* RECORDS FOR THE TASK *
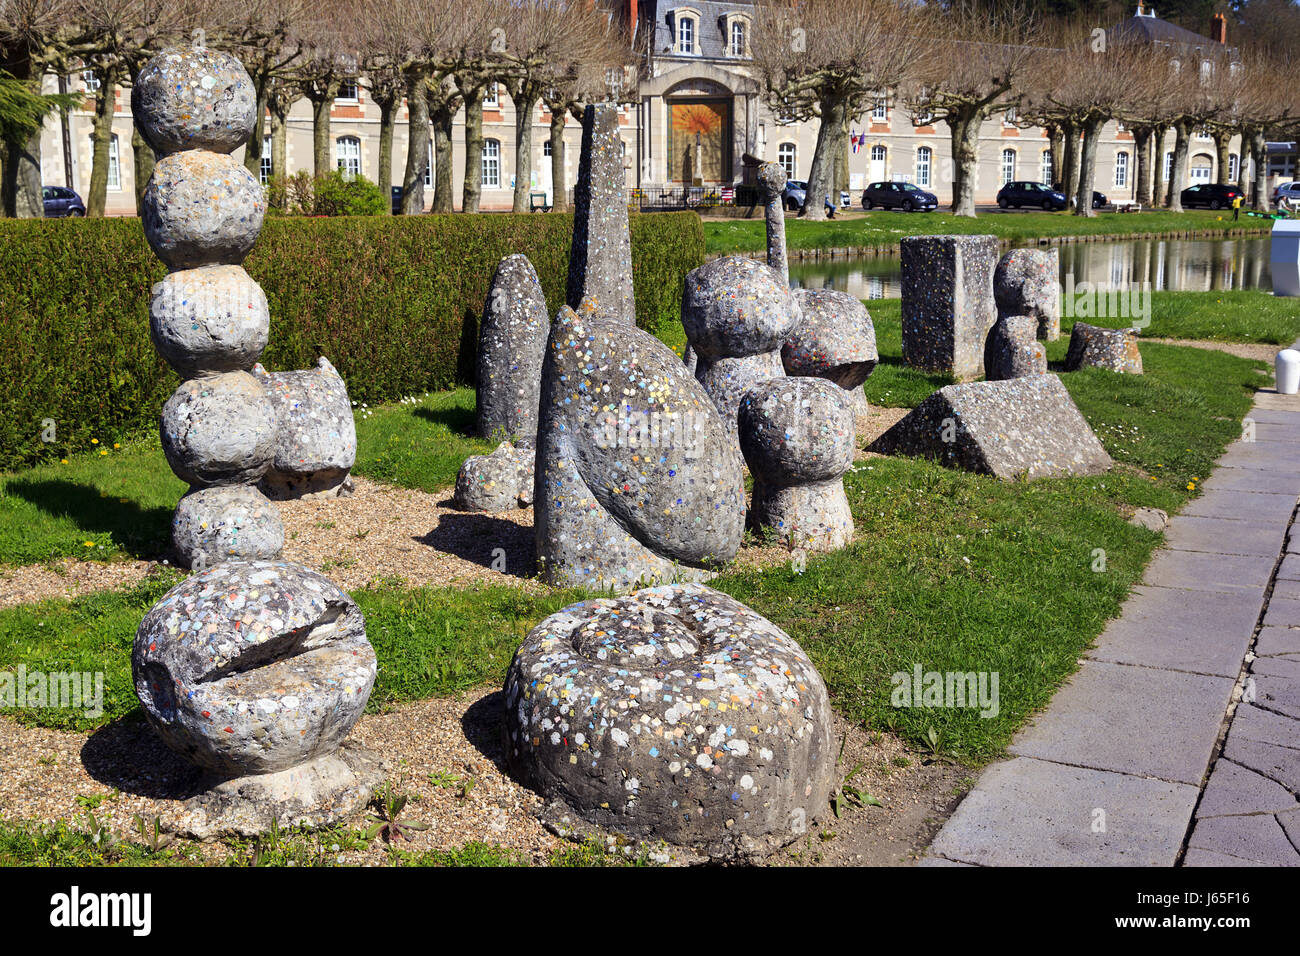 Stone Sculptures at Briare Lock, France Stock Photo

...

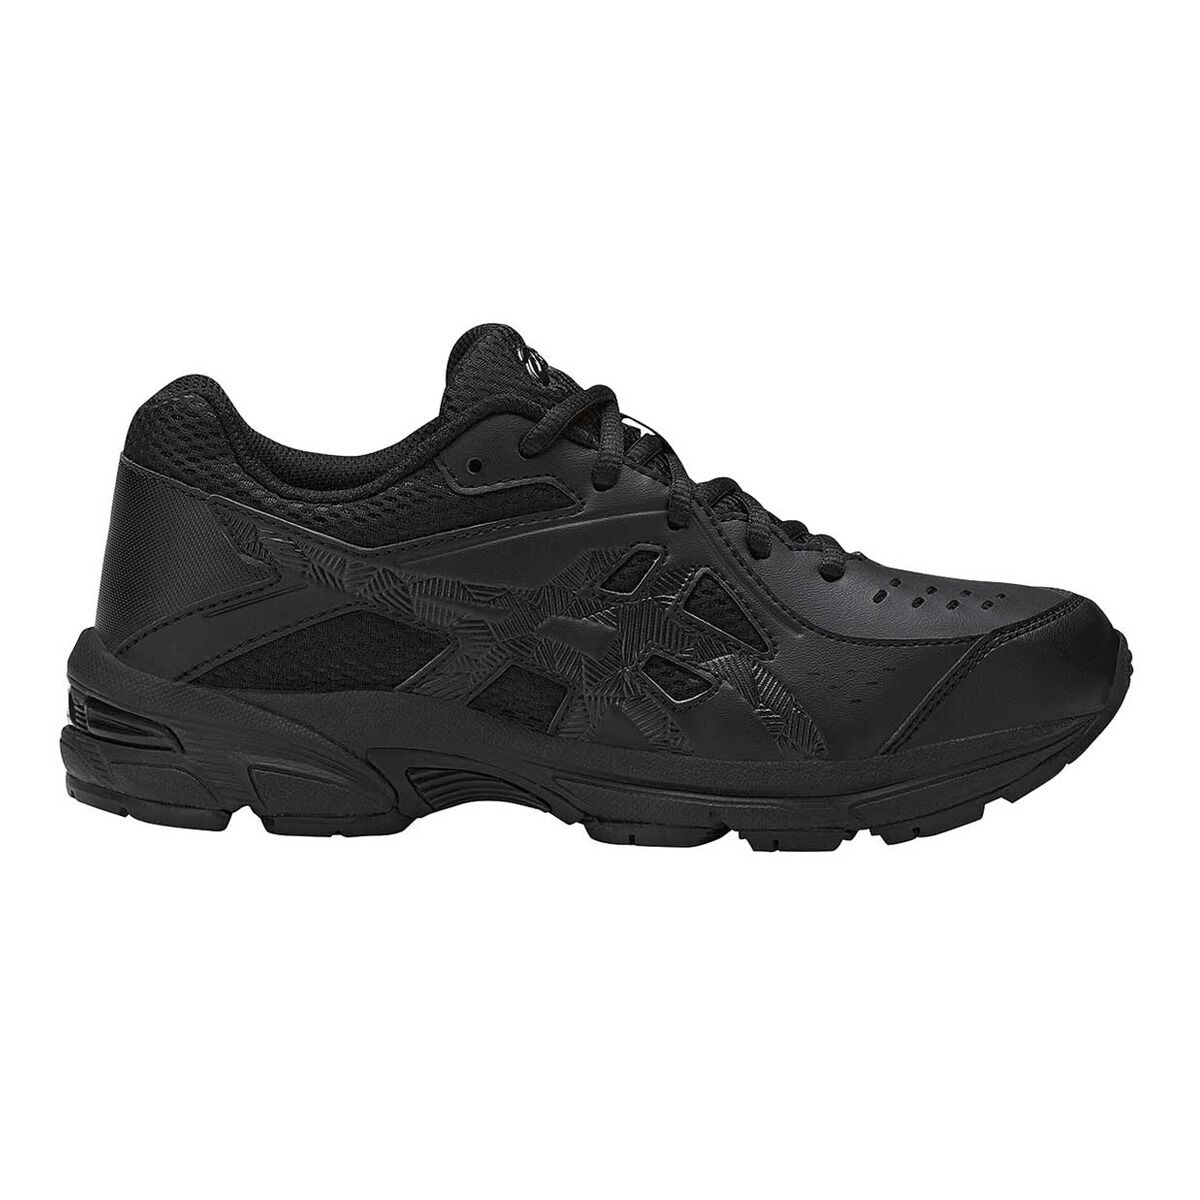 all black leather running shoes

==

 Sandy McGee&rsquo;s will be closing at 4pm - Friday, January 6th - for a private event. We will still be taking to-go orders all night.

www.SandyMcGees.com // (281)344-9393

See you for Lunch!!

* TO DO *
In the listing above, find the line containing "Sandy McGee&rsquo;s will" and the line containing "See you for Lunch!!". Output them and every line between, exactly, and nothing else.

* COMPLETED TASK *
 Sandy McGee&rsquo;s will be closing at 4pm - Friday, January 6th - for a private event. We will still be taking to-go orders all night.

www.SandyMcGees.com // (281)344-9393

See you for Lunch!!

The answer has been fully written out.